Within three years it came under the control of the church and was the principal residence of Durham’s Prince-Bishops. For 750 years, the Prince-Bishops oversaw the protection of northern England from the troublesome Danes and Scots, and the stone walls deterred attacks against Durham.
In the 1830s, the Bishop of Durham was stripped of his temporal powers and moved a few miles down the road to Auckland Castle. That left the Castle free to house the newly created University of Durham, an institution that owes its origins to two clerical patrons, Archdeacon Charles Thorp and Bishop William van Mildert.
Durham became home to the third-oldest university in England after Oxford and Cambridge. Students moved in to Durham Castle (officially named University College, often just called “Castle” by its students) and began to transform the old building to suit their needs.
The juxtaposition of castle, bishop’s residence and university can be seen on one of the daily tours. Each is led by a student volunteer, one of whom is Kaja Marczewska, a Castle student studying for a Ph.D. in English Literature. Her knowledge and enthusiasm would put professional tour guides to shame.
“We want to show off where we live and study,” Marczewska explains. “Such magnificent surroundings create a sense of pride; it gives us an identity. The undergraduates have a different attitude to the place compared to other universities. It draws people in, gets them involved.”
Three meals a day are served to the student community in the Great Hall. Though slightly shortened nowadays, features such as the trumpeters’ gallery make it easy to picture this grand hall being the center of the medieval castle. Rather than college tutors sitting at the top table, it would have been reserved for the Prince-Bishop and his entourage. Elements of older tradition remain. Formal dinners are held twice a week, during which careless students can be fined £60 if they leave their seat before the college master has finished his meal. Seating is hierarchical, with tables designated for tutors, postgraduates and undergraduates. “It might sound old-fashioned, but it adds to the experience of studying here,” Marczewska says. “Most students like the quirky rules.”
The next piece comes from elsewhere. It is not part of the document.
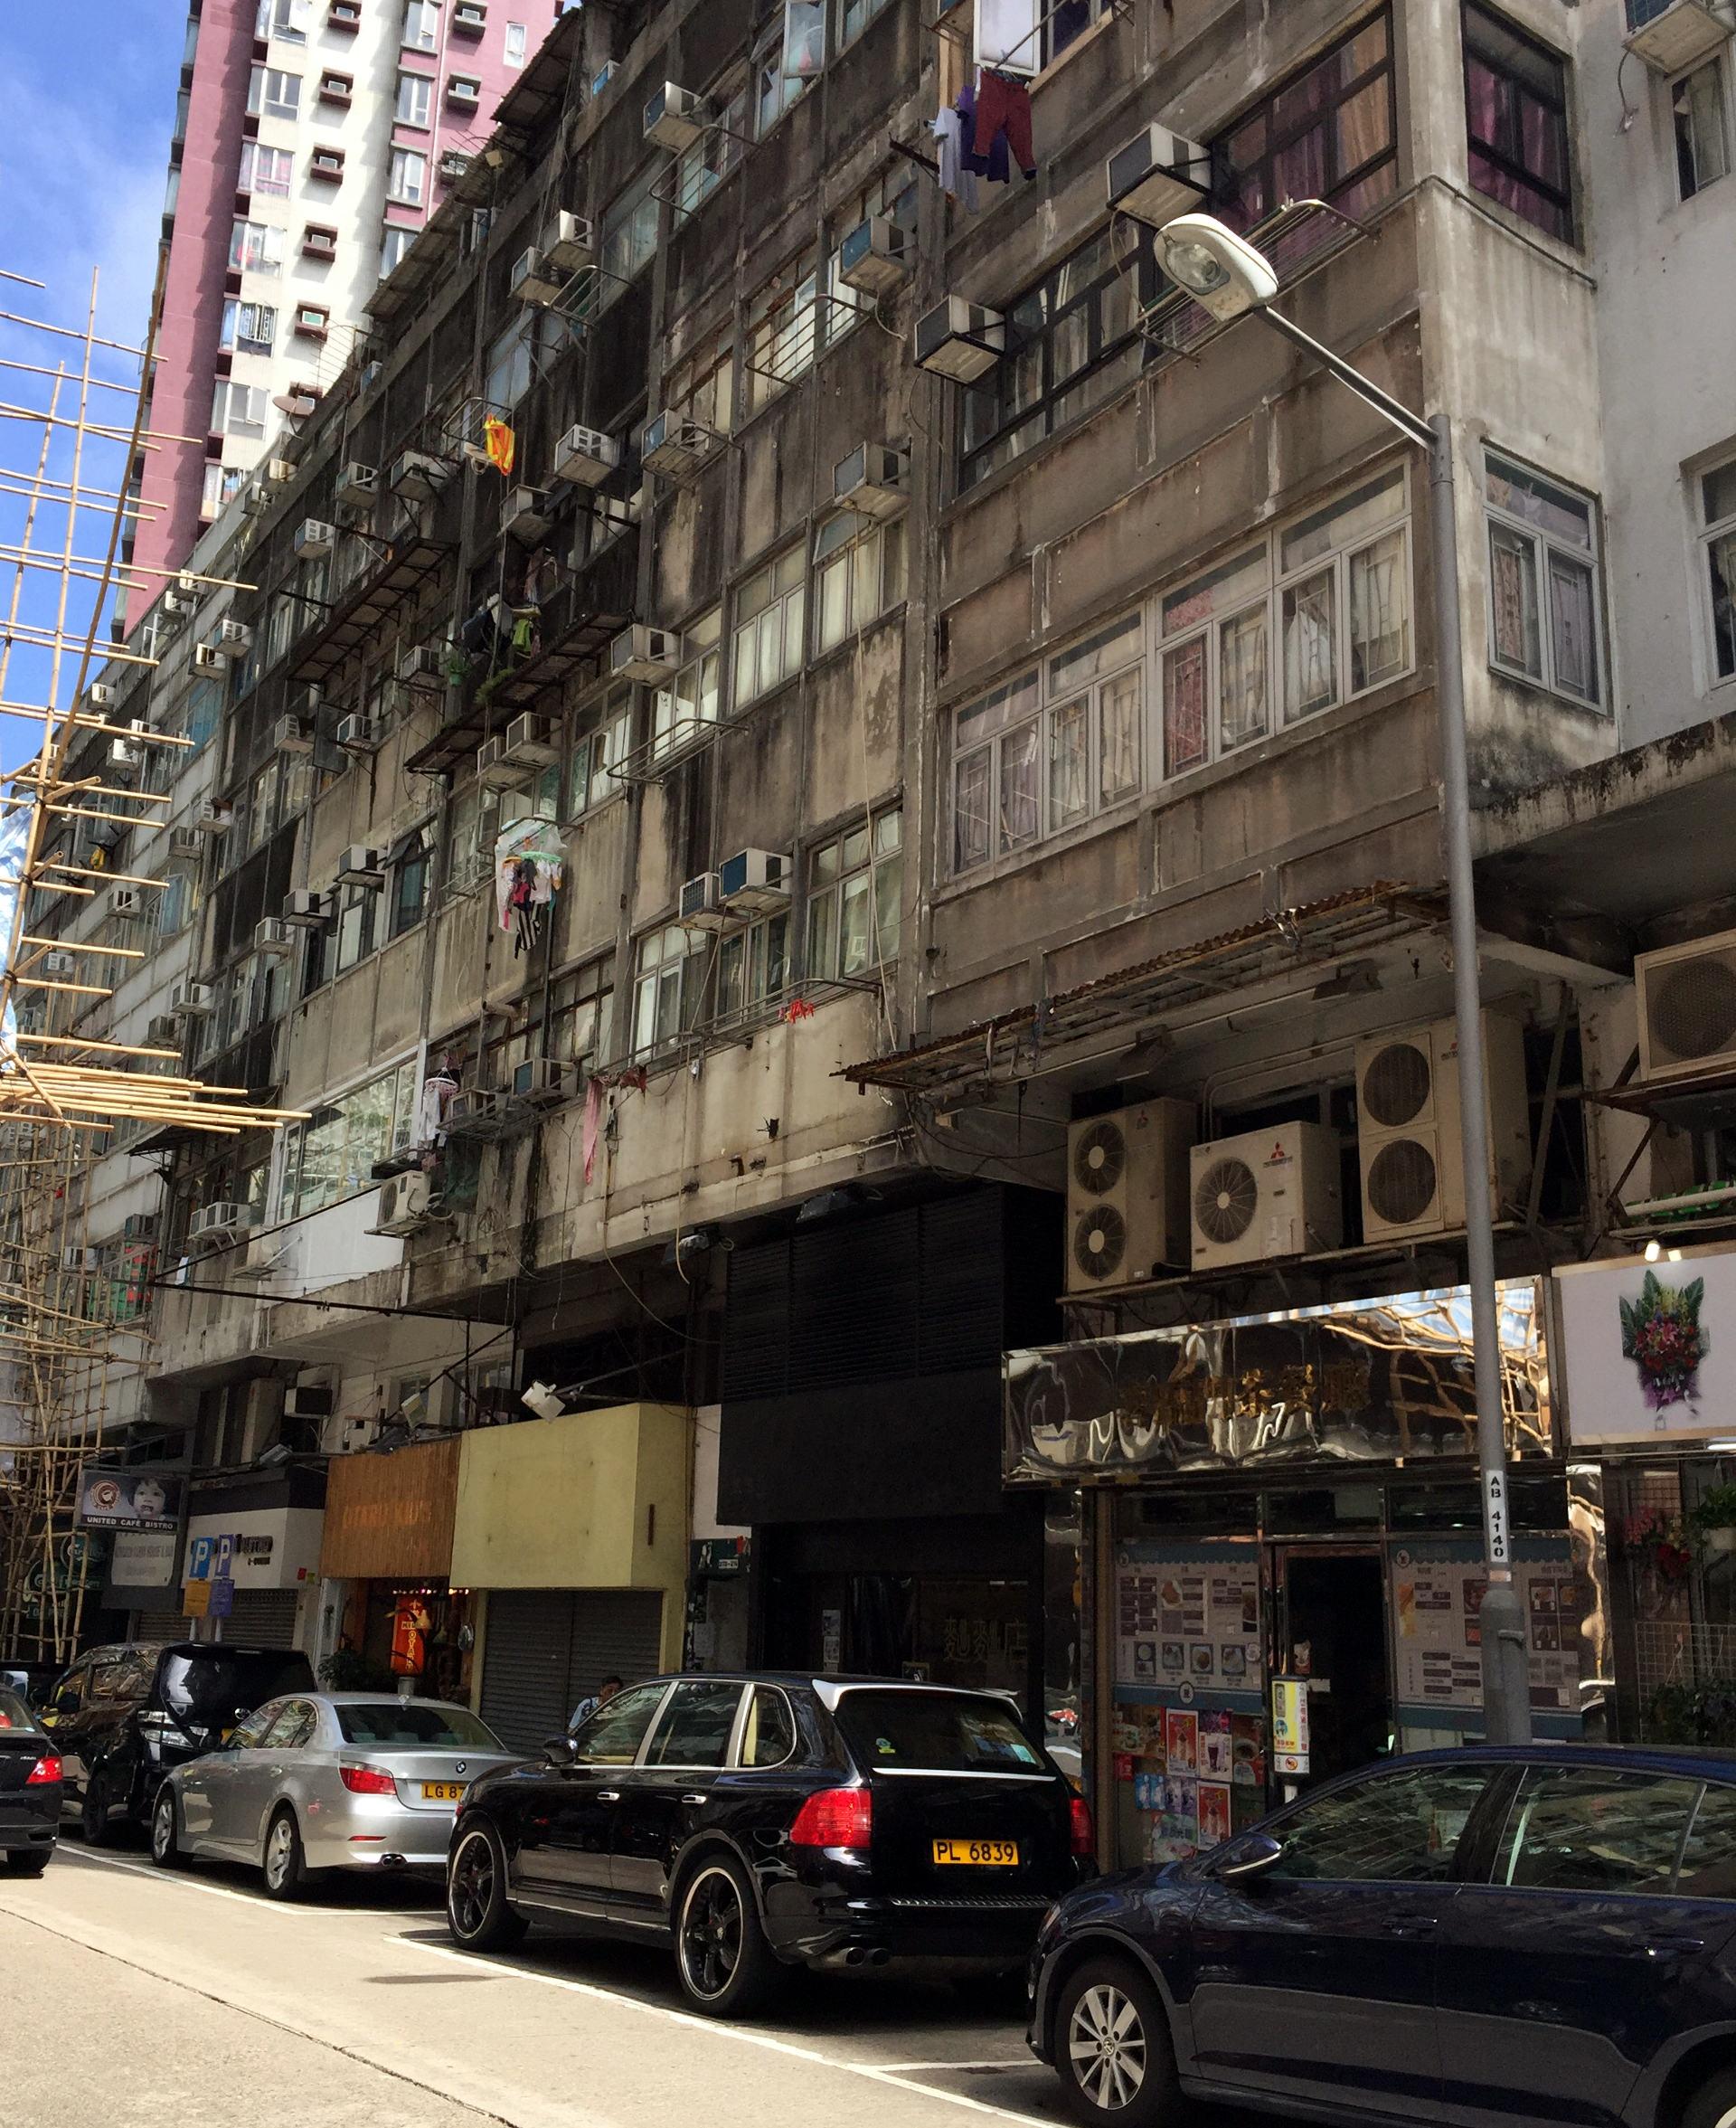 hongkong ulica miasto iglawpodrozy

Such segregation is seen elsewhere, too. Only postgraduates and tutors (and guided tours) use the Black Staircase, which leads from the Great Hall to the Tunstall Gallery. The stairs lean alarmingly. Initially designed as a flying staircase with no pillars for support, the builders soon realized their mistake and were forced to add wooden posts to hold it up. Their repairs did the job, and the staircase still stands more than 300 years later.
Up another level is the student accommodation in the Norman Gallery, but this is off limits to tours. “The rooms are beautiful, but access to bathrooms is not great,” Marczewska confides. More students are housed in the old keep, with an enviable view across Palace Green toward the cathedral.
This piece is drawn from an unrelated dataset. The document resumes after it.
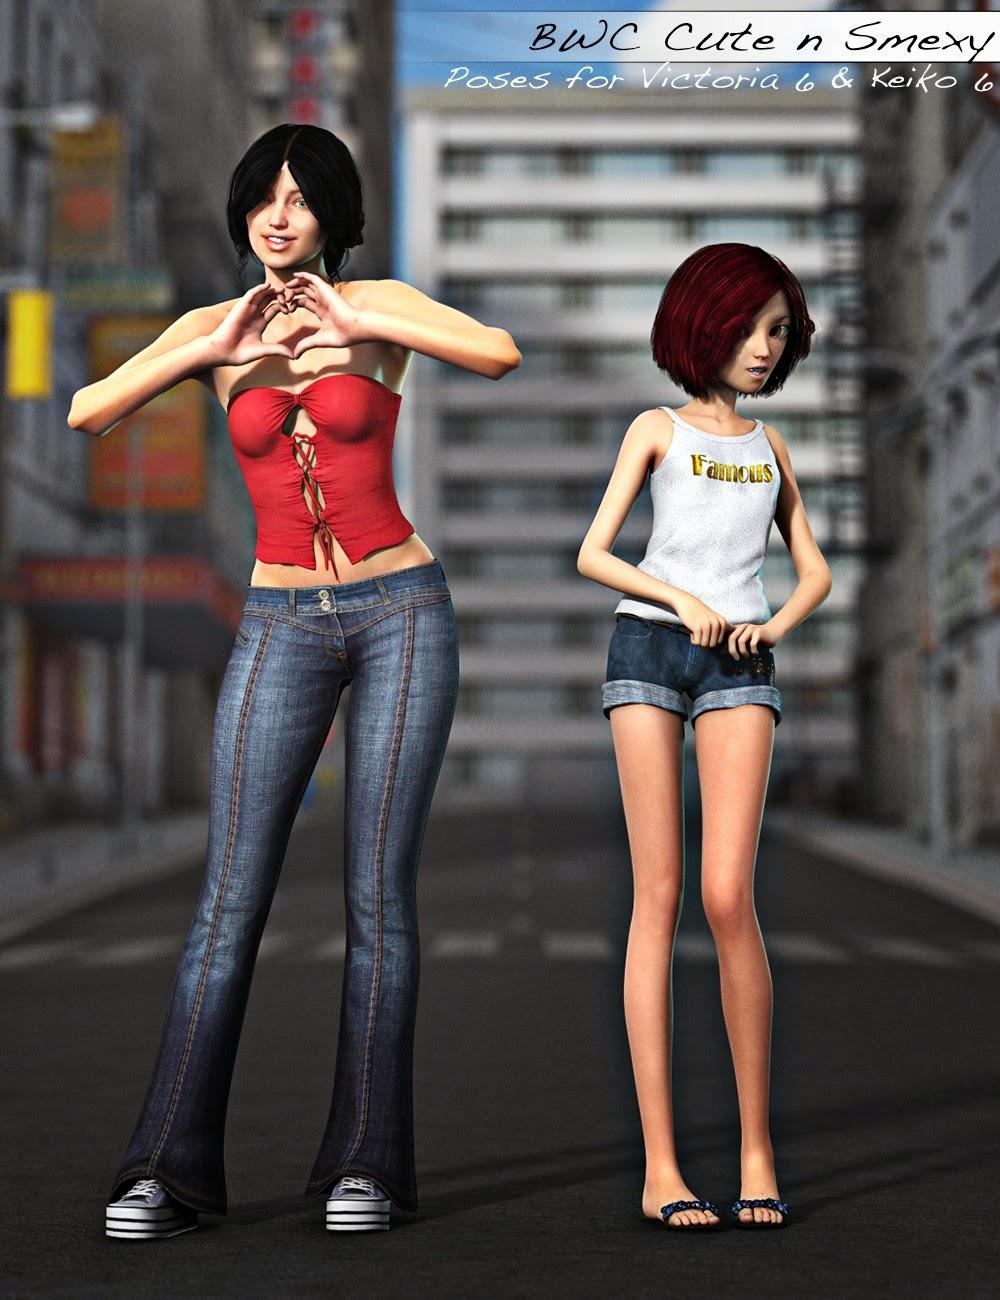 BWC Mignon n Smexy - Poses de Victoria 6 et Keiko 6

At the end of the Tunstall Gallery is the Tunstall Chapel. Built during the first days of the Reformation, like all areas of the castle, it is still used by modern students. Less used is the Norman chapel underneath. Historians are still arguing about whether this was the original chapel, or an undercroft or crypt that survived when the original place of worship was superseded by the Tunstall Chapel. Whatever the case, it is an atmospheric spot still used for church services, theatrical performances and concerts.
The new university did not just take over the old castle. Over the next few years, the university’s reach spread into buildings which were constructed during the heyday of Durham’s Prince-Bishops. The second university college, Hatfield College, partly occupies a 17th-century inn, while St. Chad’s College, St. John’s College and St. Cuthbert’s Society are housed in decadent Georgian townhouses. An amble along North Bailey and South Bailey, streets whose names indicate that this whole area was once part of the castle, takes in each of these places of learning.
Durham is a straight-line trip from London. By road, take the M1 north and keep following as it turns into the A1(M) at Leeds. Alternatively, take the direct train from King’s Cross (eastcoast.co.uk).
There are plenty of hotels to stay in around the city, but a visitor looking for the authentic World Heritage Site experience should consider staying in one of the state rooms at Durham Castle (dur.ac.uk/event.durham/tourism). Other colleges also offer bed and breakfast, especially during university vacations.
Information about visiting Durham Cathedral and Durham Castle can be found on their websites (durhamcathedral.co.uk and dur.ac.uk). Opening times and tours may vary depending on the time of year and sundry special events, so be sure to check in advance. Both are also featured on the dedicated Durham World Heritage Site website (durhamworldheritagesite.com).
The dean of the Cathedral sums it up well. “The university is a child of the cathedral, and there has always been a close relationship between the two. We are very close partners.”